- **Work required**: Please copy every record below exactly, but leave the pictures out.

- **Data to examine**:
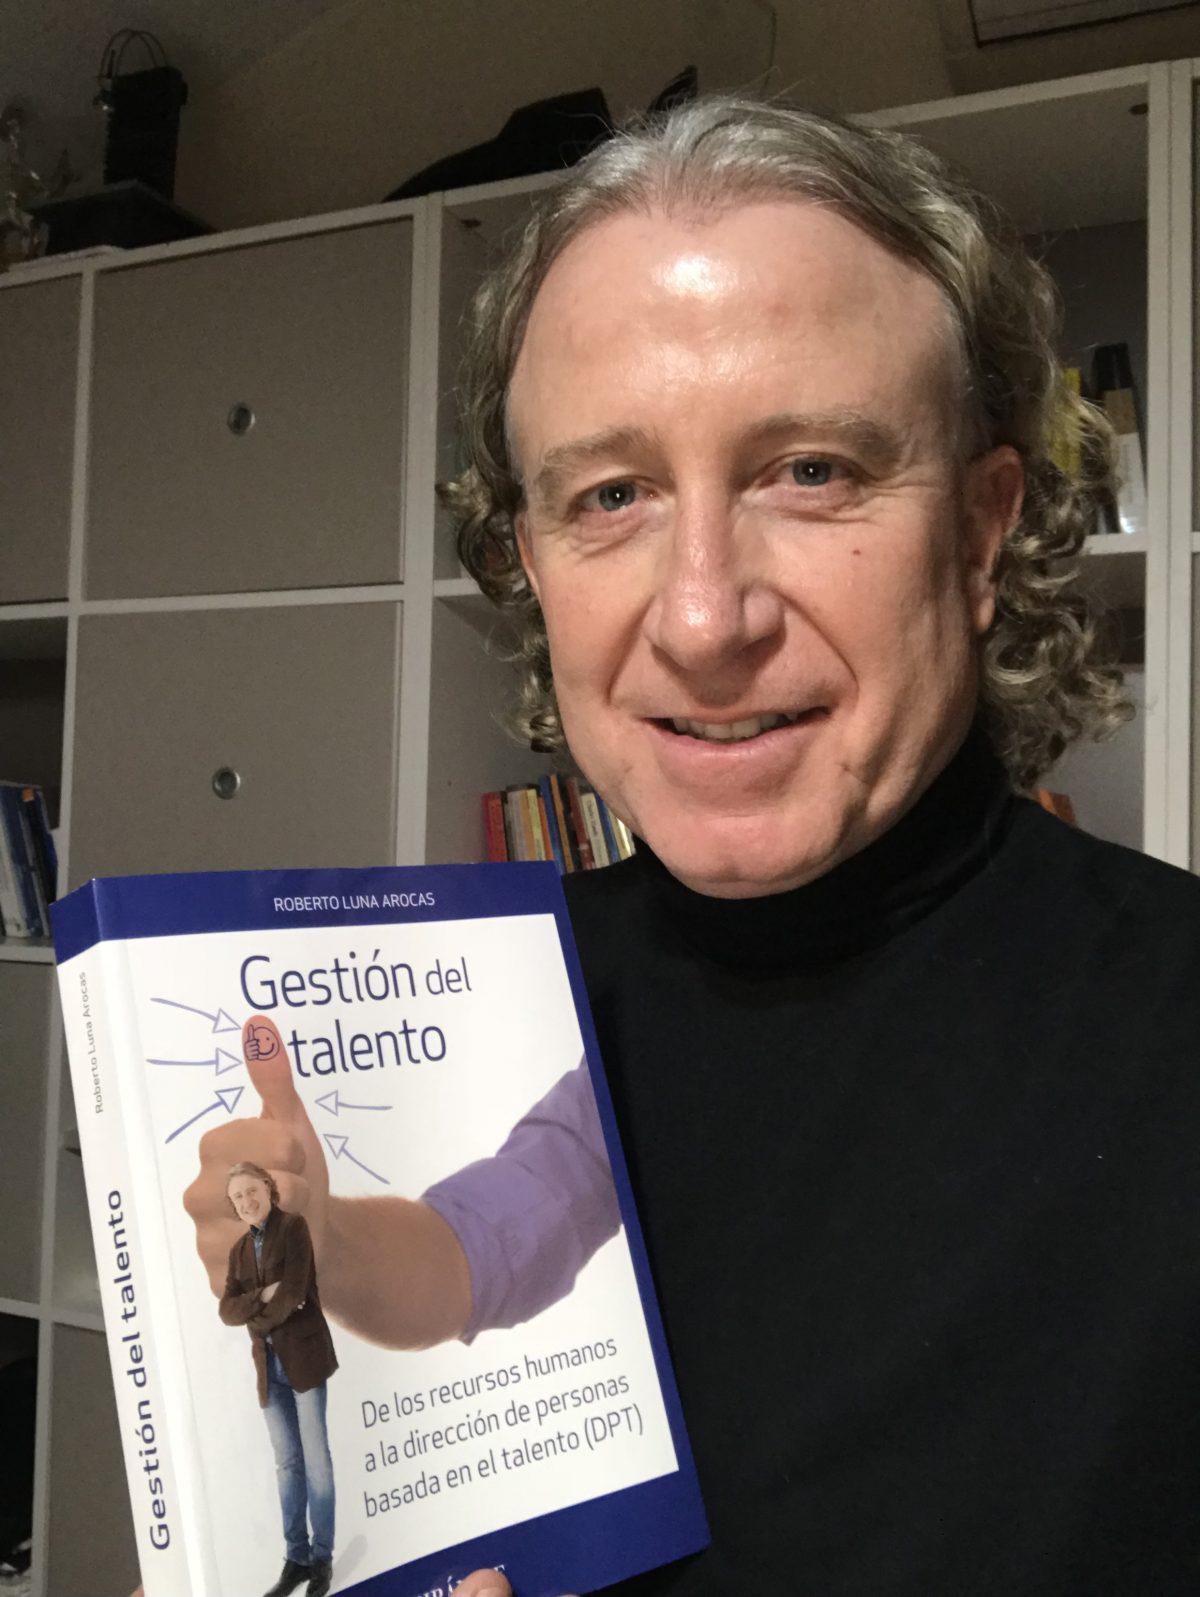 Libro Gestion del talento. Nuevo libro roberto luna.
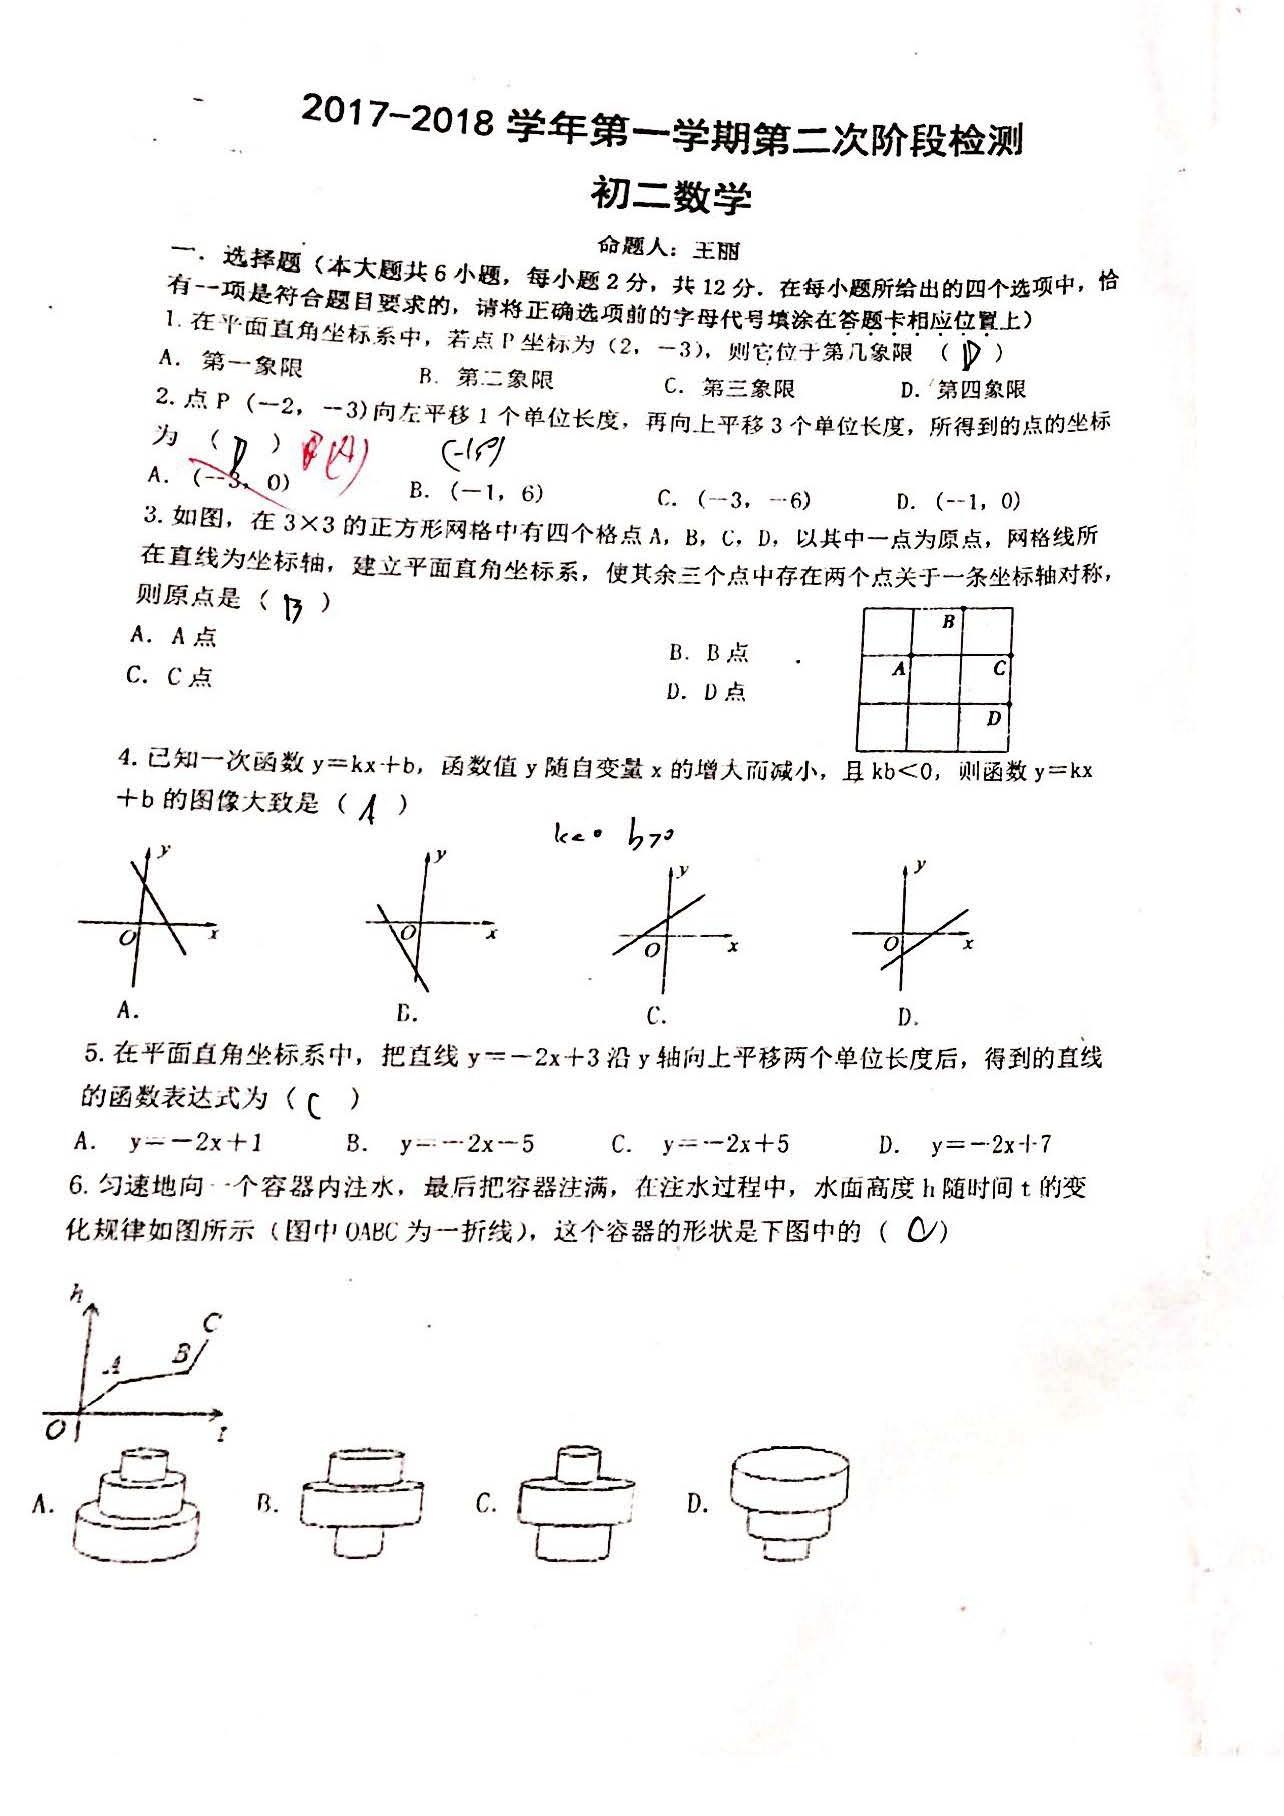 南京初二第一学期第二次月考数学试卷,初二第一学期第二次月考数学试卷,
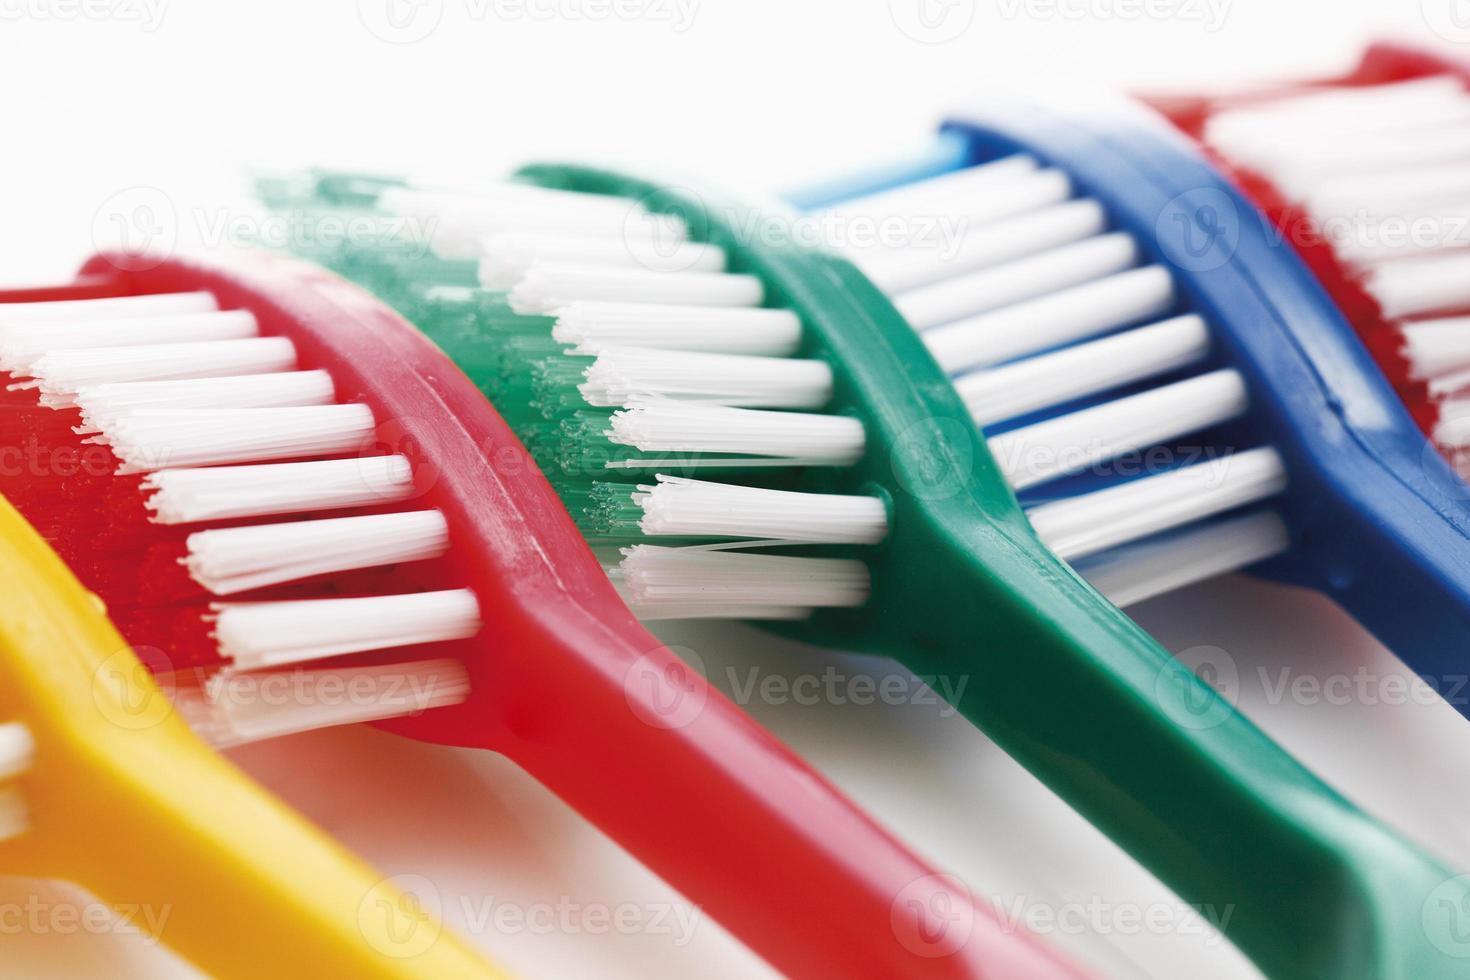 variedad de cepillos de dientes foto
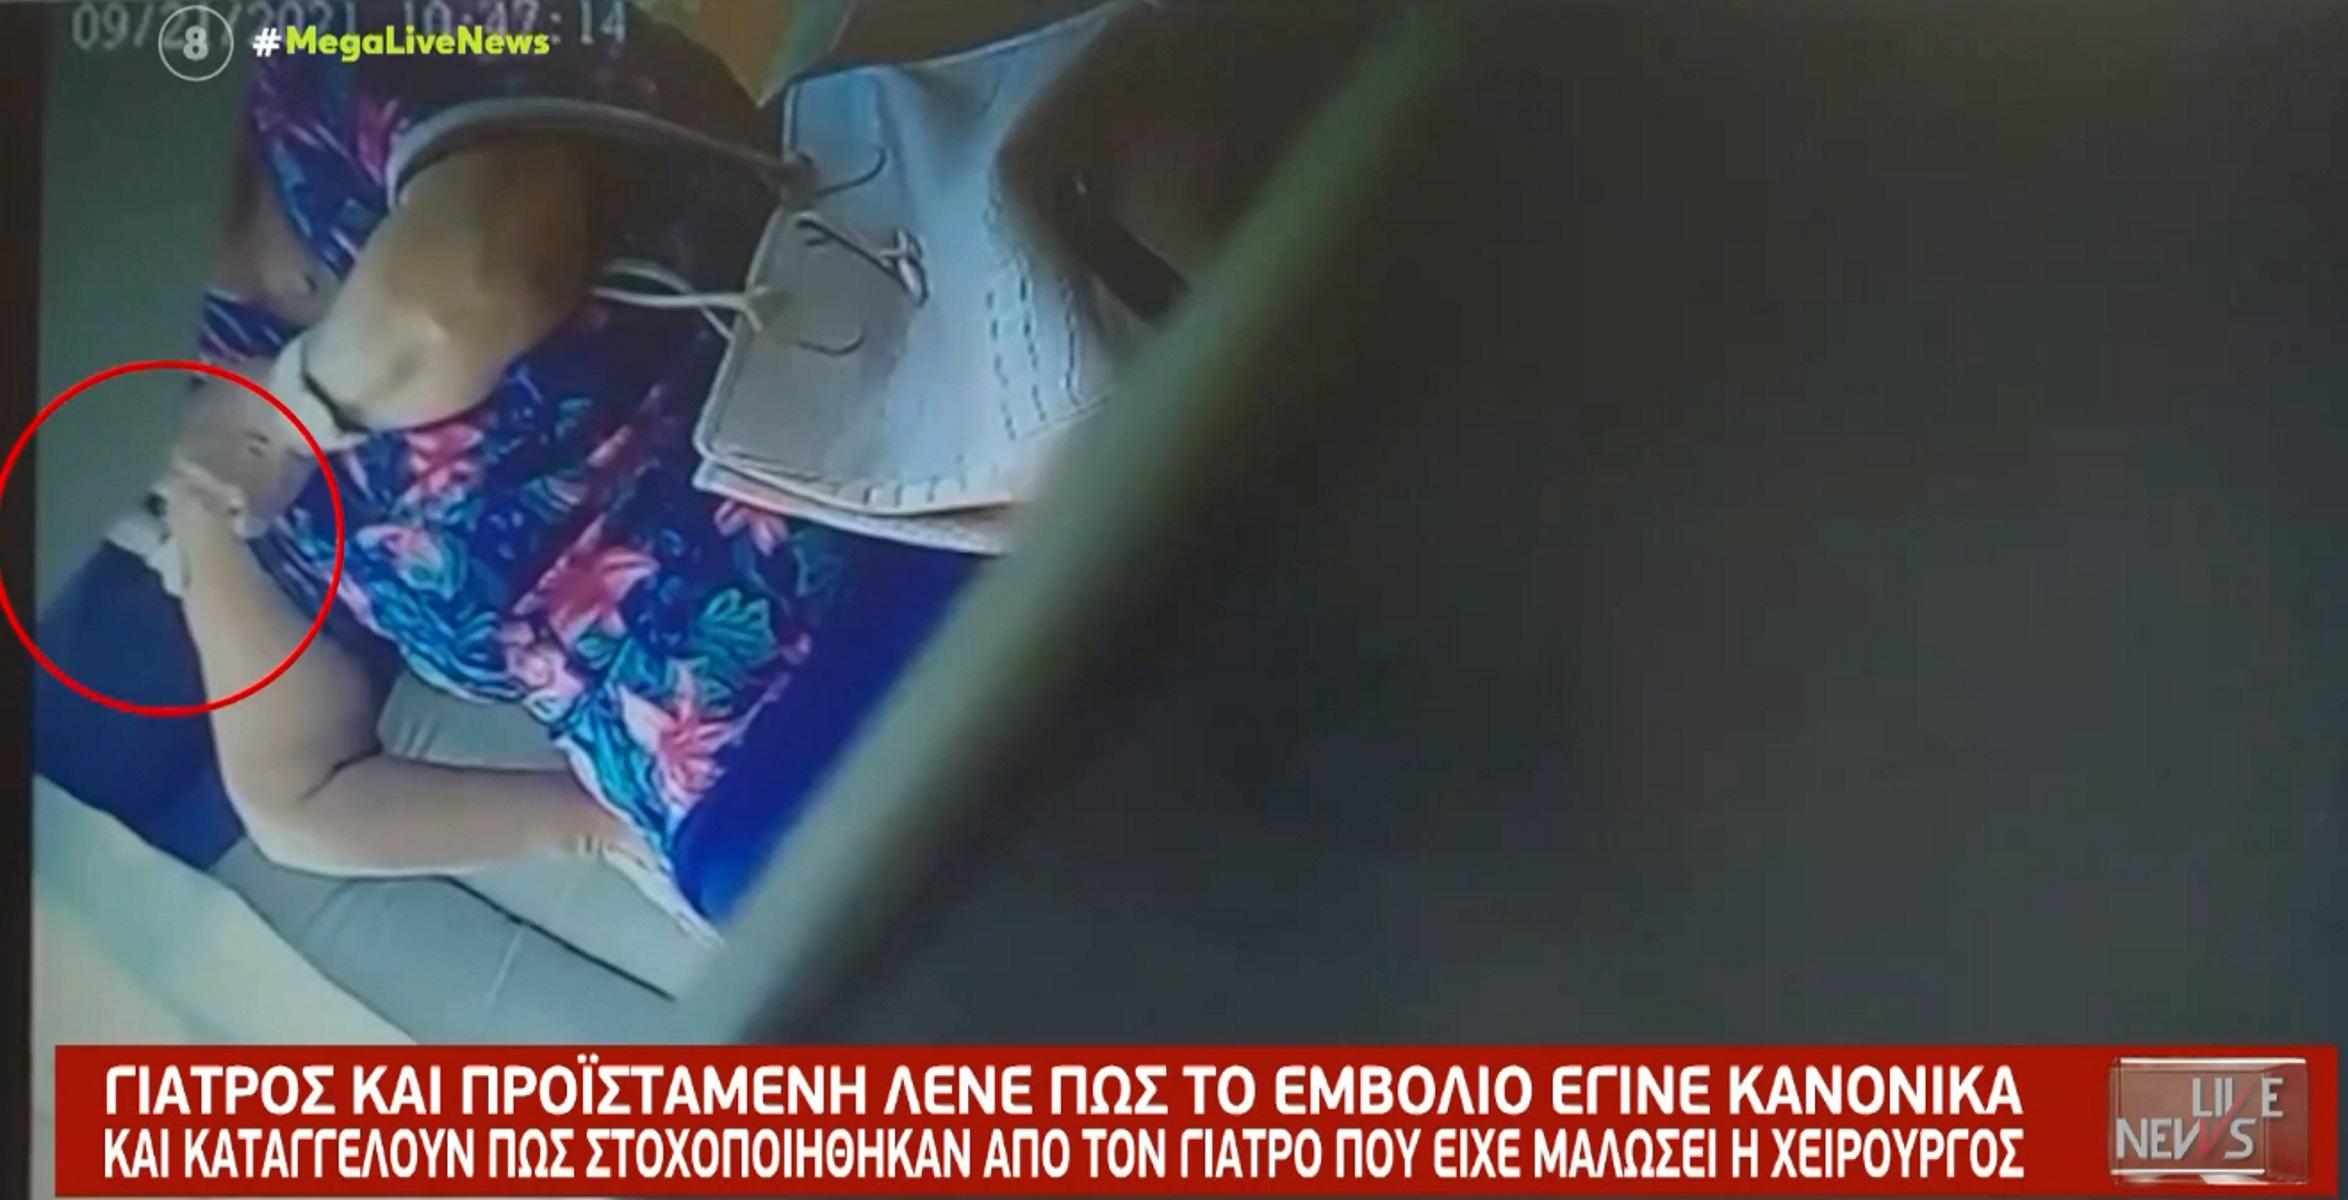 Κορονοϊός: Αναβλήθηκε η δίκη για τους εικονικούς εμβολιασμούς στο ΙΚΑ Αλεξάνδρας
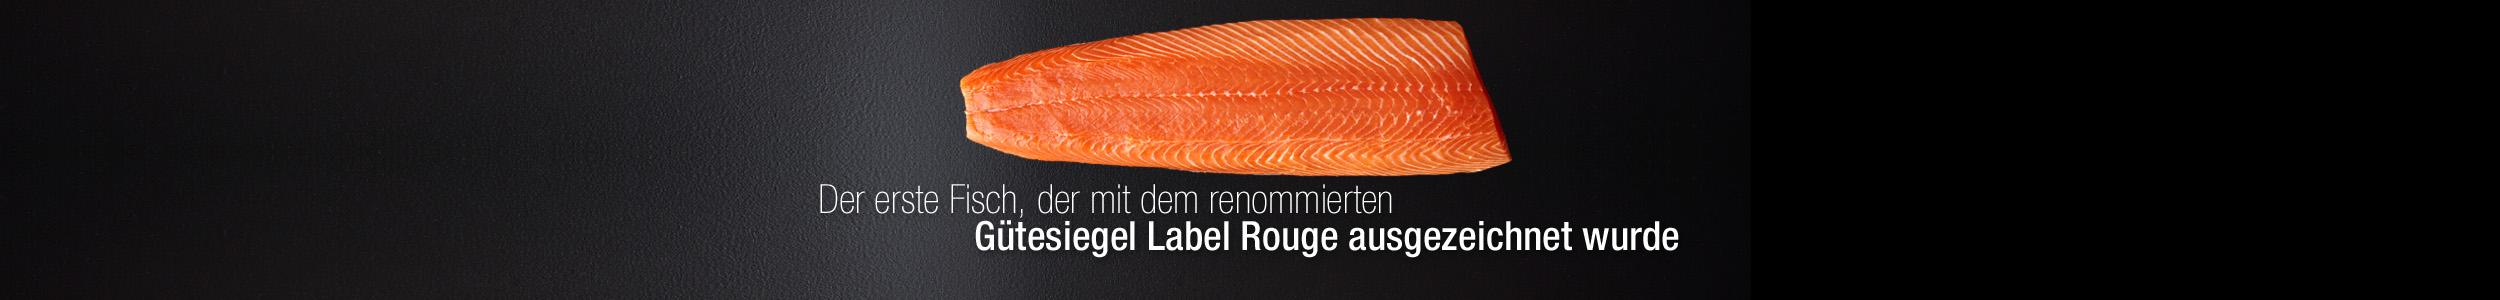 Der erste fisch der mit dem renommierten Gutesiegle Label Rouge ausgezeichnet wurde

- **Problem solution**:
 Libro Gestion del talento. Nuevo libro roberto luna.
 南京初二第一学期第二次月考数学试卷,初二第一学期第二次月考数学试卷,
 variedad de cepillos de dientes foto
 Κορονοϊός: Αναβλήθηκε η δίκη για τους εικονικούς εμβολιασμούς στο ΙΚΑ Αλεξάνδρας
 Der erste fisch der mit dem renommierten Gutesiegle Label Rouge ausgezeichnet wurde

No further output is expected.